May be a reaction to seizures - my little guy started having them about a year ago. The vet put him on phenobarbital and he is doing great. He would just go stiff so I don't know if that could be the trigger for her acting up. Take her to the vet!


----------



## ngaduck (Apr 27, 2012)

Could be bored. May need to start crating her when she is unsupervised. She could get into something that could hurt or kill her.


----------



## redman2006 (Apr 27, 2012)

mattech said:


> I have a black lab mix, she is about 8 years old. Always been a great dog, but as of late she has really been acting out. Lately when we come home we find wrappers to the bread in different parts of the house where she has pulled it off the counter and ate all the bread. She has also started getting into the trash, so we come home to trash strowed all over the kitchen. She has never done this type of stuff before, and I can't seem to think of any changes that mght have triggered it. We try to give her plenty of attention, and keep food in her bowl. Anyone have any Ideas?

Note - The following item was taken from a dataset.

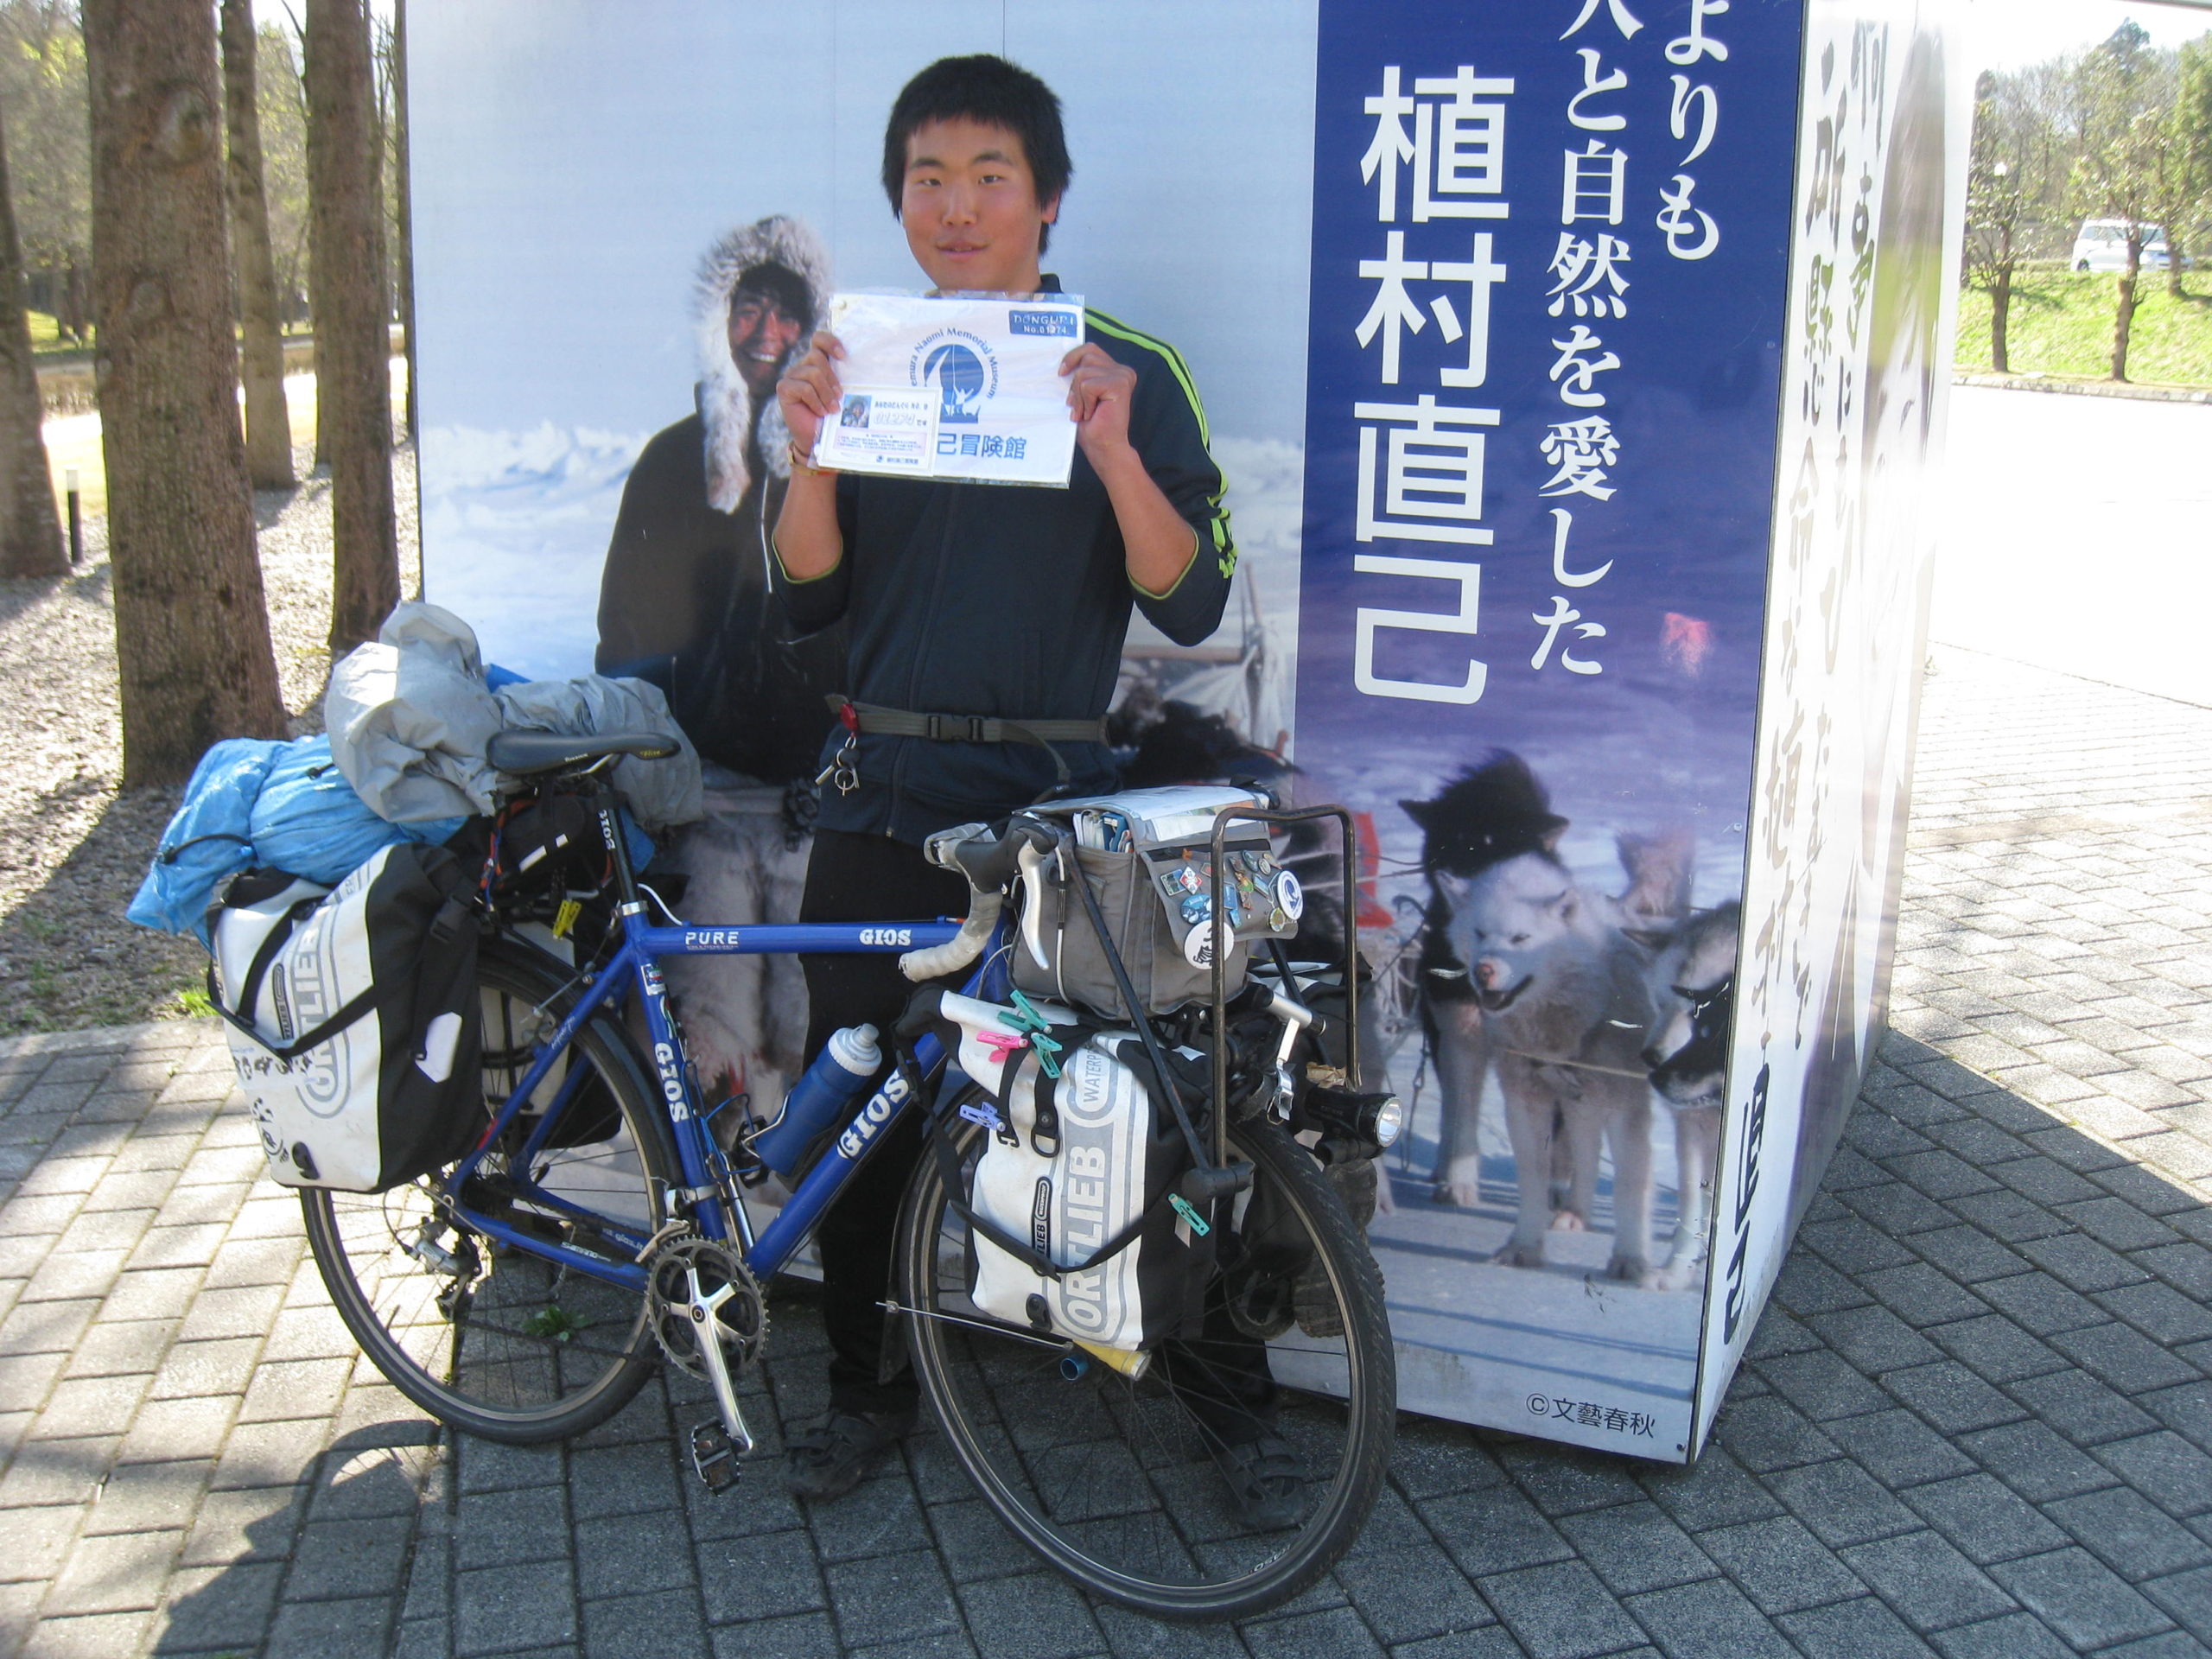 友達100人作る日本一周自転車旅

If this is food related and not just destruction, you might need to think about having a check for things like cushings.  She is at the right age.  it makes them very hungry, put on weight, coat is not as nice as usual, etc.

Spayed?

On any meds?


----------



## mattech (Apr 28, 2012)

redman2006 said:


> If this is food related and not just destruction, you might need to think about having a check for things like cushings.  She is at the right age.  it makes them very hungry, put on weight, coat is not as nice as usual, etc.
> 
> Spayed?
> 
> On any meds?



Yes, she is fixed


----------



## pine nut (Apr 29, 2012)

Any change in thirst or urination as in more frequent could be Cushings or diabetes.  Sometimes the urine can be sticky from glucose in it.  Need to see a vet.


----------



## mattech (Apr 30, 2012)

She does tend to take potty breaks more often. I will get the wife to take her in to a vet.


----------



## shakey gizzard (May 1, 2012)

Let her see the" free dog" threads! She'll straight'n up!


----------



## BIGDADDYRONY (May 1, 2012)

She needs to be played with more often .
I have a jack russell and if you don't pay her some 
every day she will pop on the car port door step or tear up any paper somthing has taken up your time spent with her .
Bigdaddyrony


----------



## ylhatch (May 2, 2012)

might want to keep her outside where dogs are supposed to be kept.


----------



## atlashunter (May 2, 2012)

Definitely sounds like a vet check is in order. My old lab started drinking like crazy and urinating inside, huge amounts. He never did that before. Turns out he was diabetic and now has to get insulin shots twice a day. Seems to be hungrier now too and will sometimes steal bread if left out or get into the trash which he never used to do. Yours may be behavioral but if it's out of the ordinary there may be something medically wrong.


----------



## redman2006 (May 10, 2012)

mattech said:


> I have a black lab mix, she is about 8 years old. Always been a great dog, but as of late she has really been acting out. Lately when we come home we find wrappers to the bread in different parts of the house where she has pulled it off the counter and ate all the bread. She has also started getting into the trash, so we come home to trash strowed all over the kitchen. She has never done this type of stuff before, and I can't seem to think of any changes that mght have triggered it. We try to give her plenty of attention, and keep food in her bowl. Anyone have any Ideas?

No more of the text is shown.